◆ **Your task**
Give the listing again word for word. Leave every image out.

(Dataset content begins)

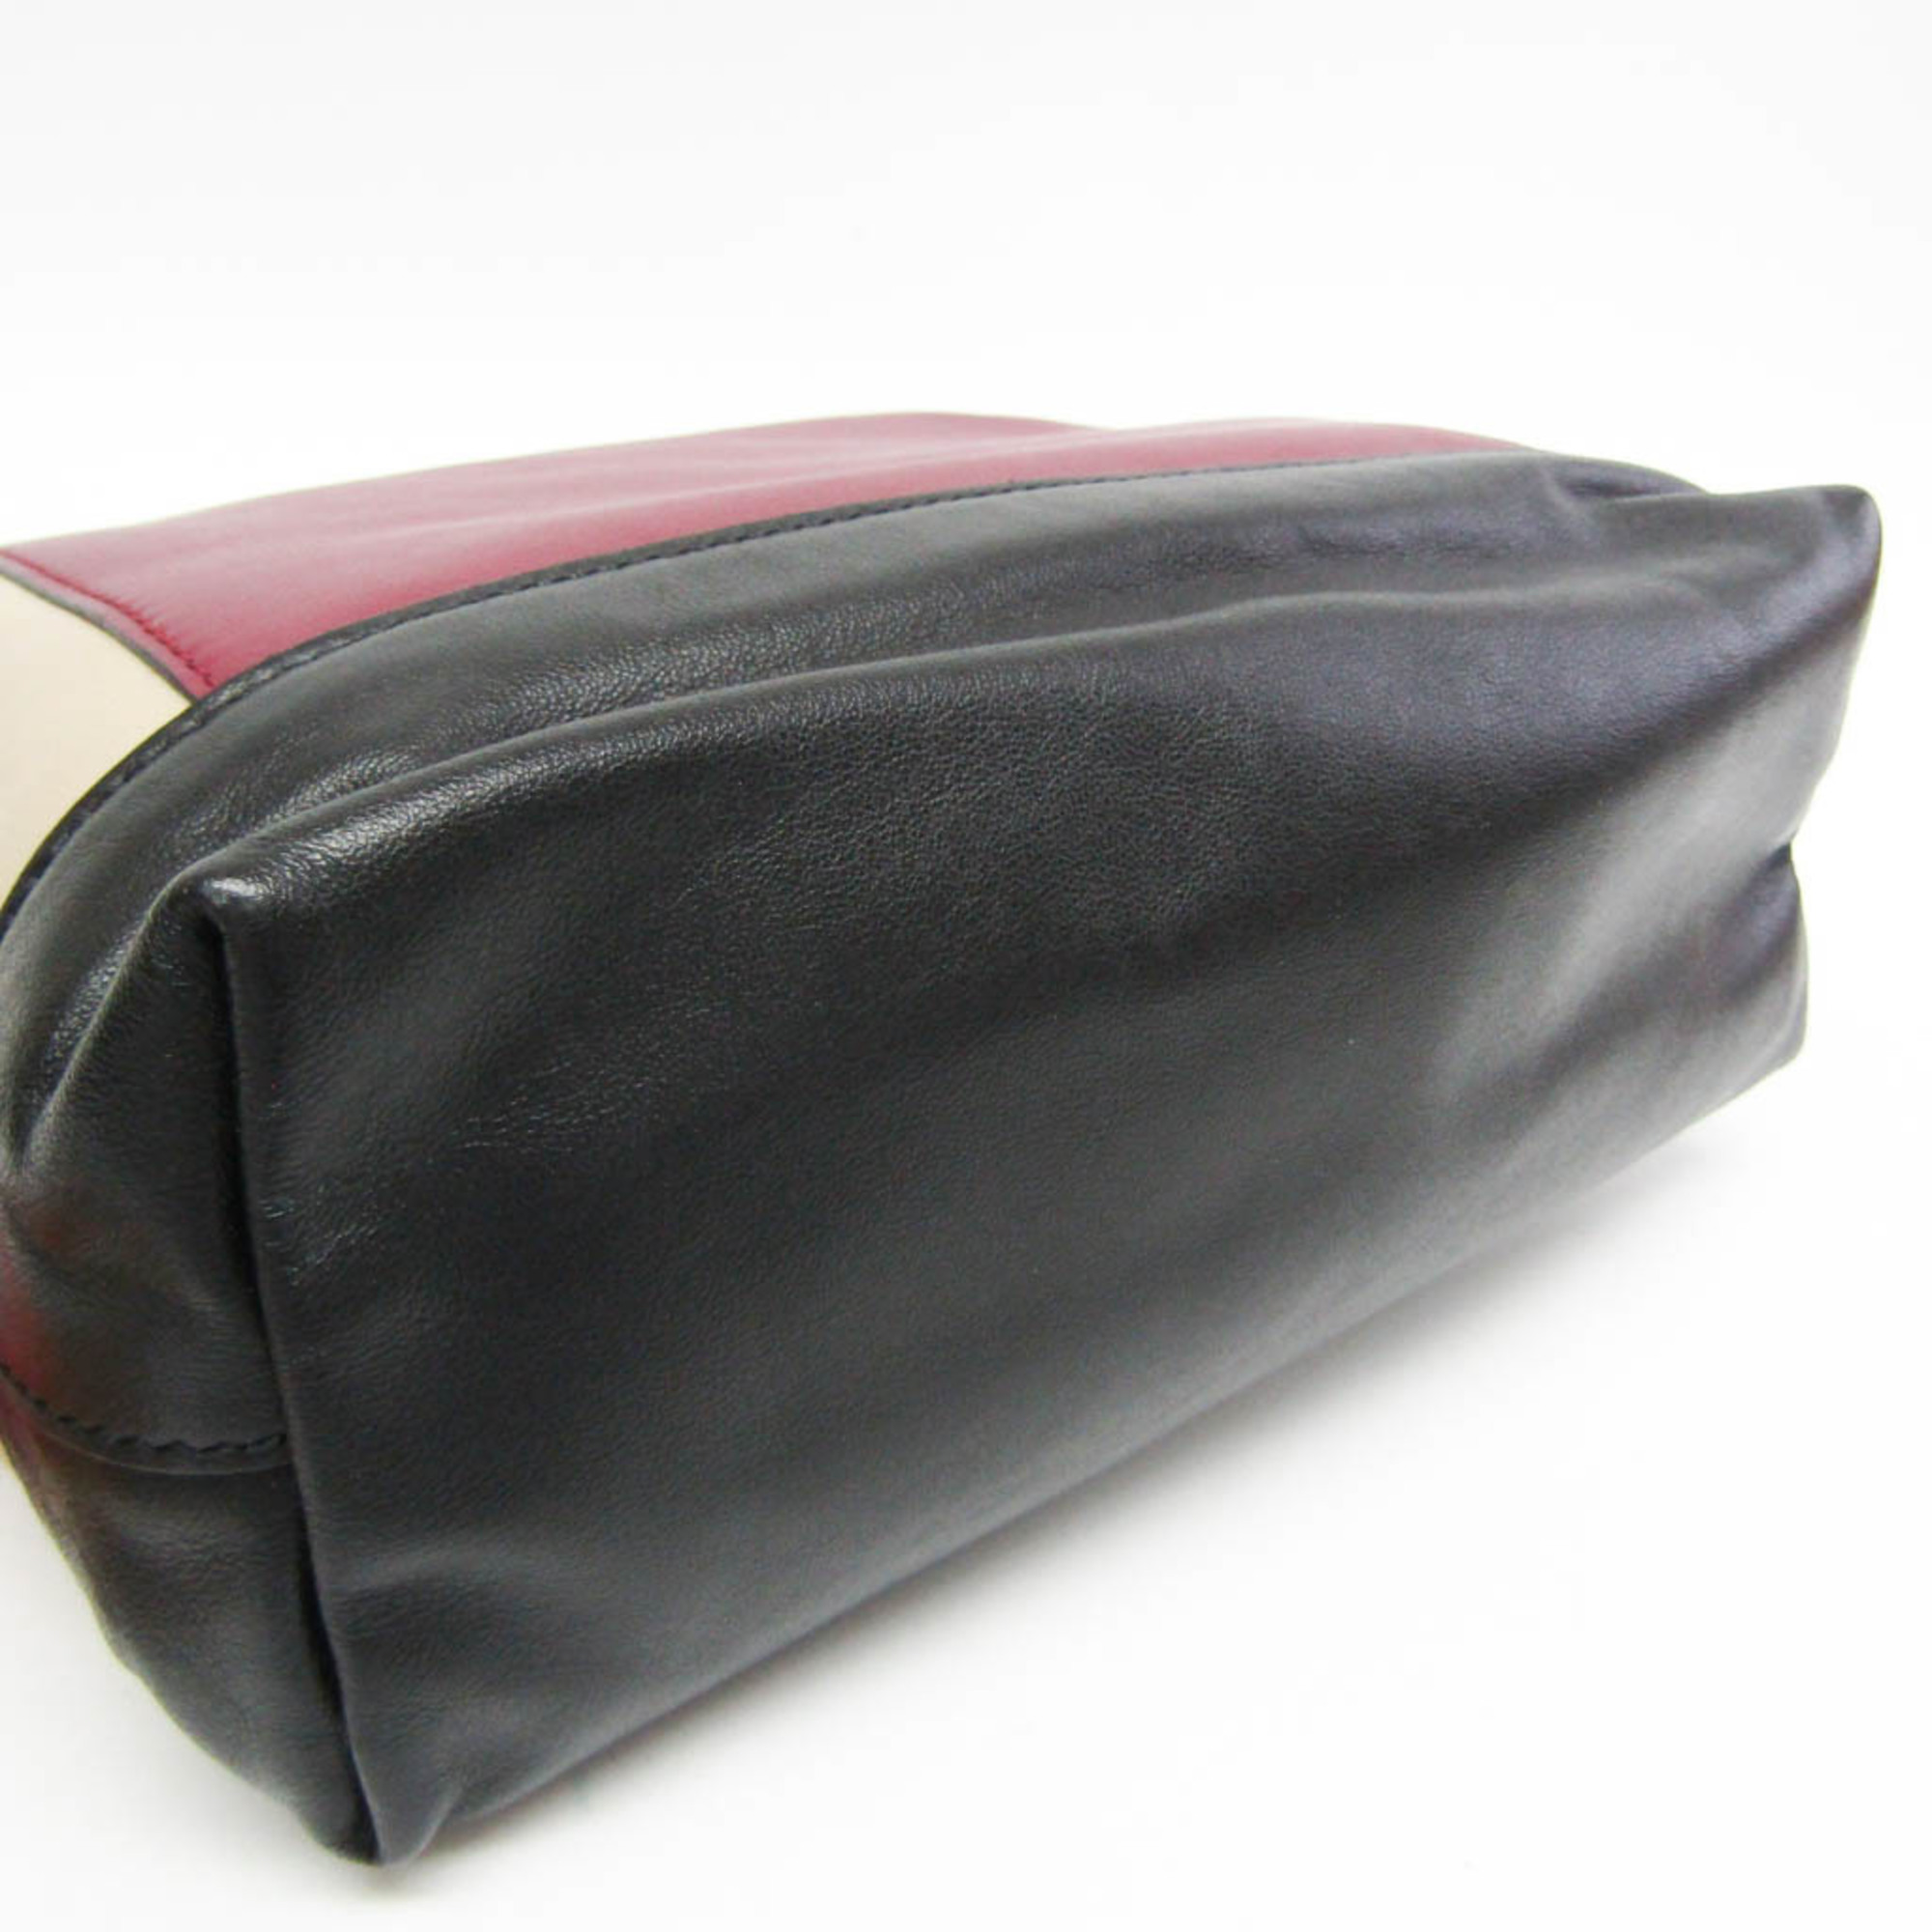 Marni PHMP0031Y0 P4092 Women's Leather Clutch Bag Beige,Black,Bordeaux,Multi-color
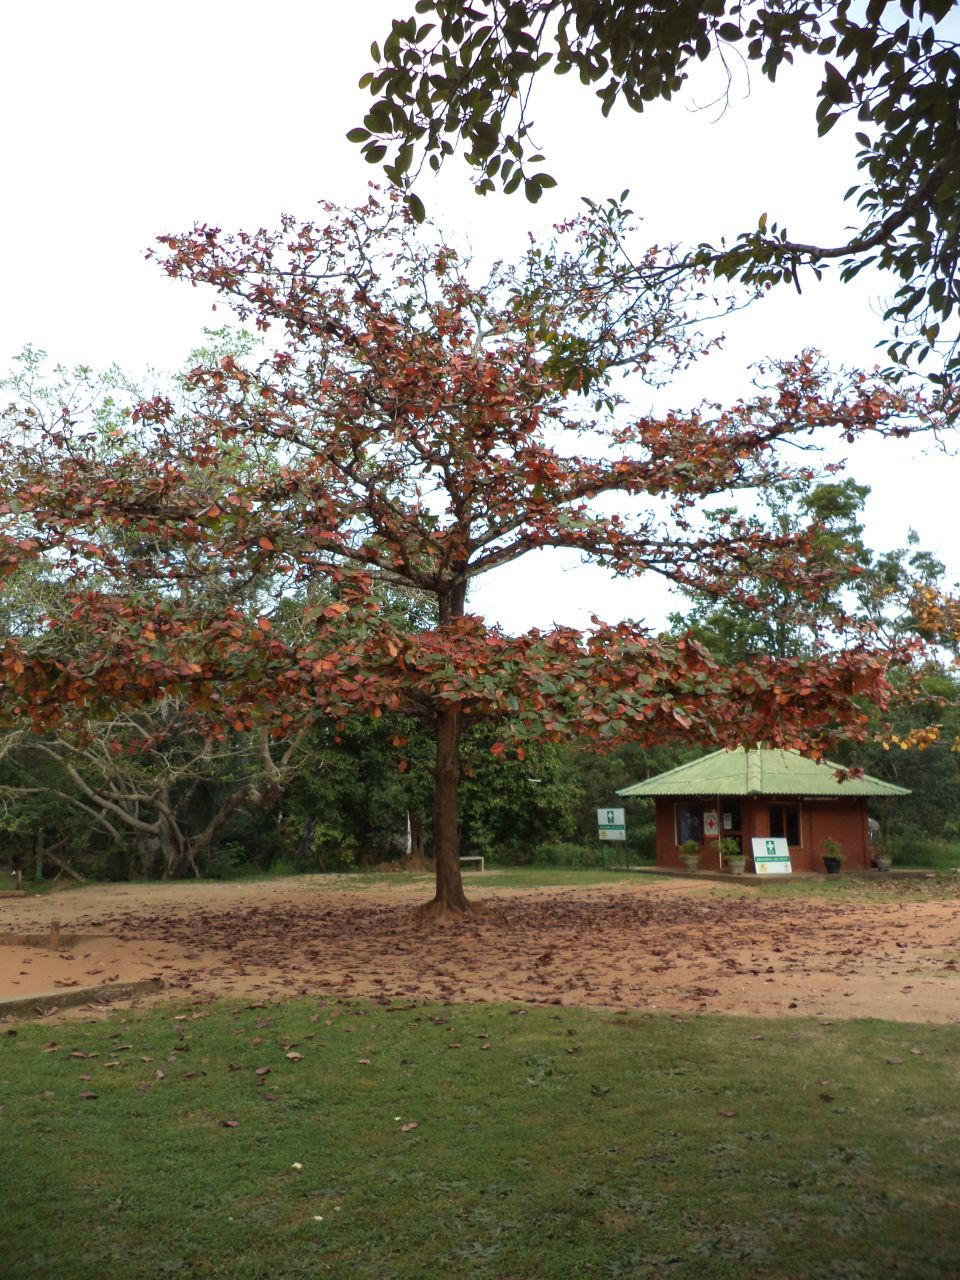 просто красивое дерево, не пальма, как кругом - Шри-Ланка 2017
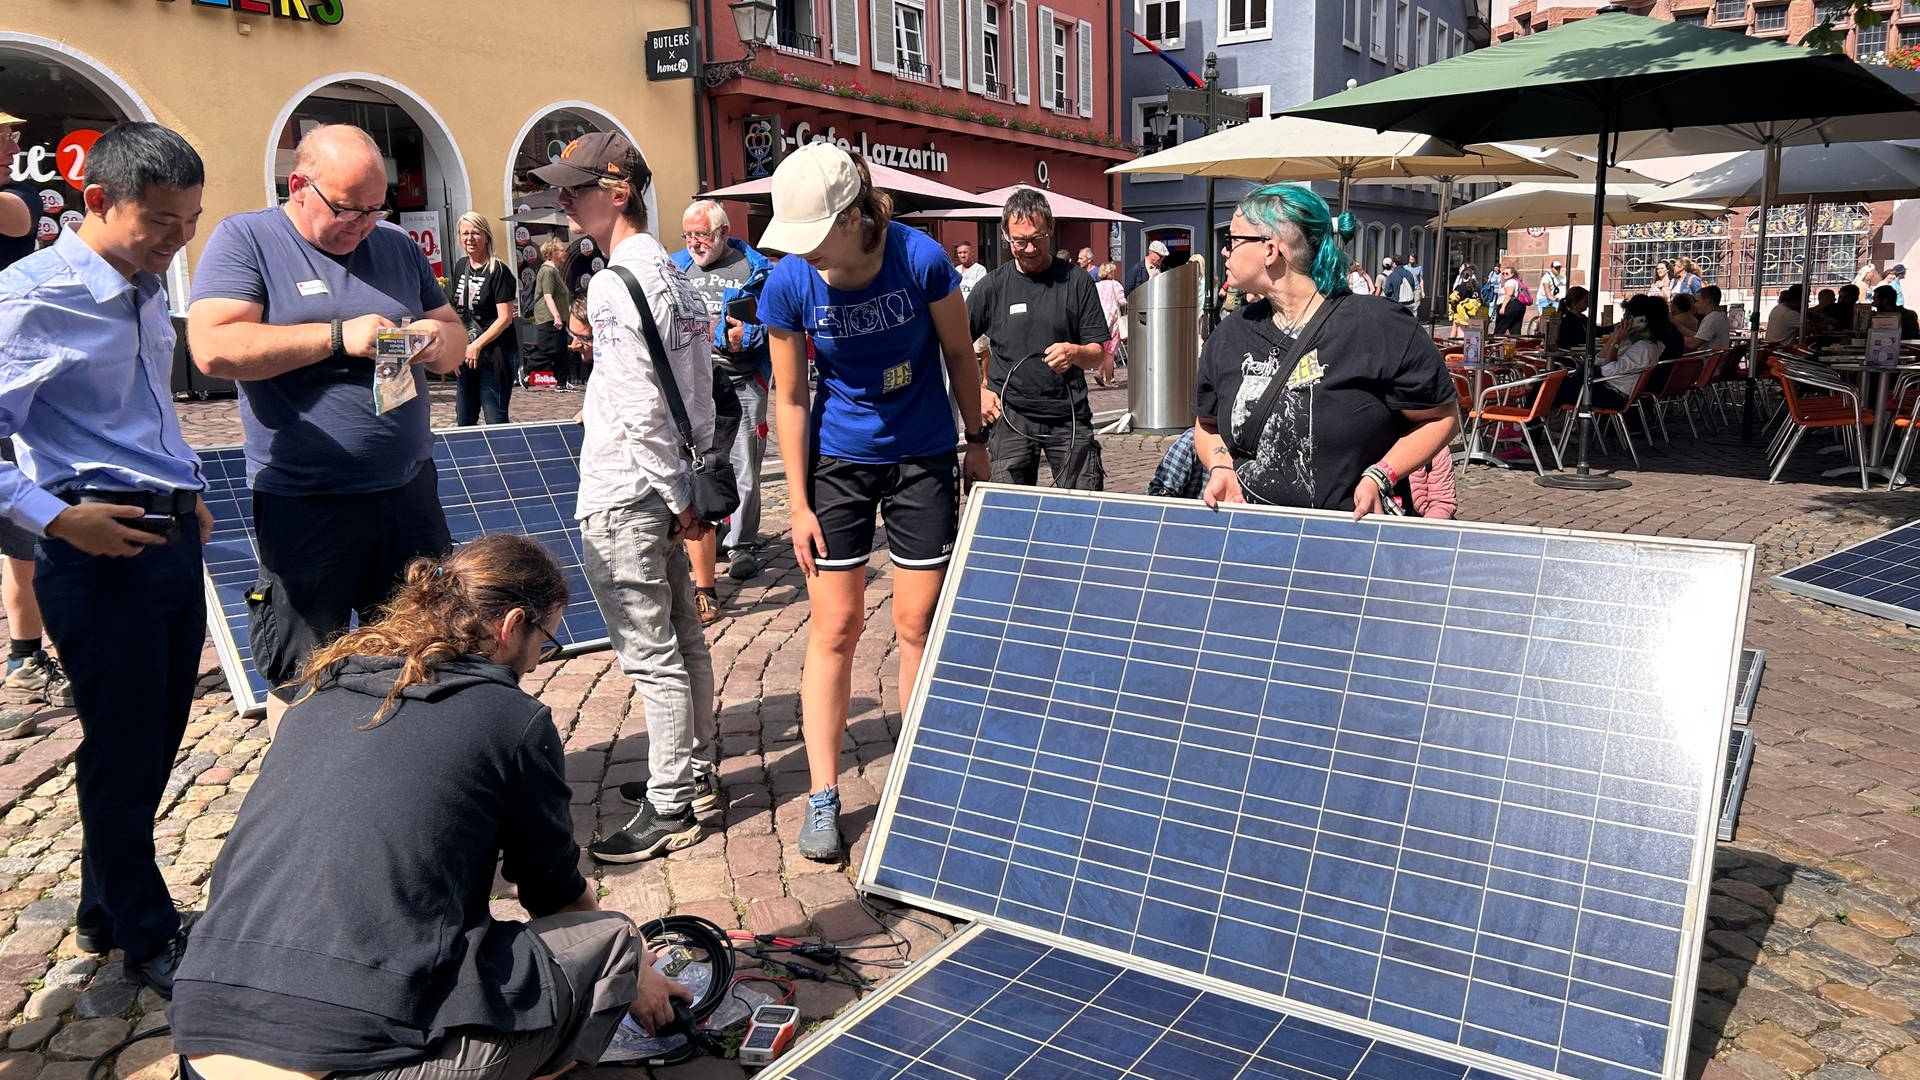 Rekordversuch: Freiburger Solar-Verein veranstaltet Massen-Upcycling

(Dataset content ends)

◆ **Exercise output**
 Marni PHMP0031Y0 P4092 Women's Leather Clutch Bag Beige,Black,Bordeaux,Multi-color
 просто красивое дерево, не пальма, как кругом - Шри-Ланка 2017
 Rekordversuch: Freiburger Solar-Verein veranstaltet Massen-Upcycling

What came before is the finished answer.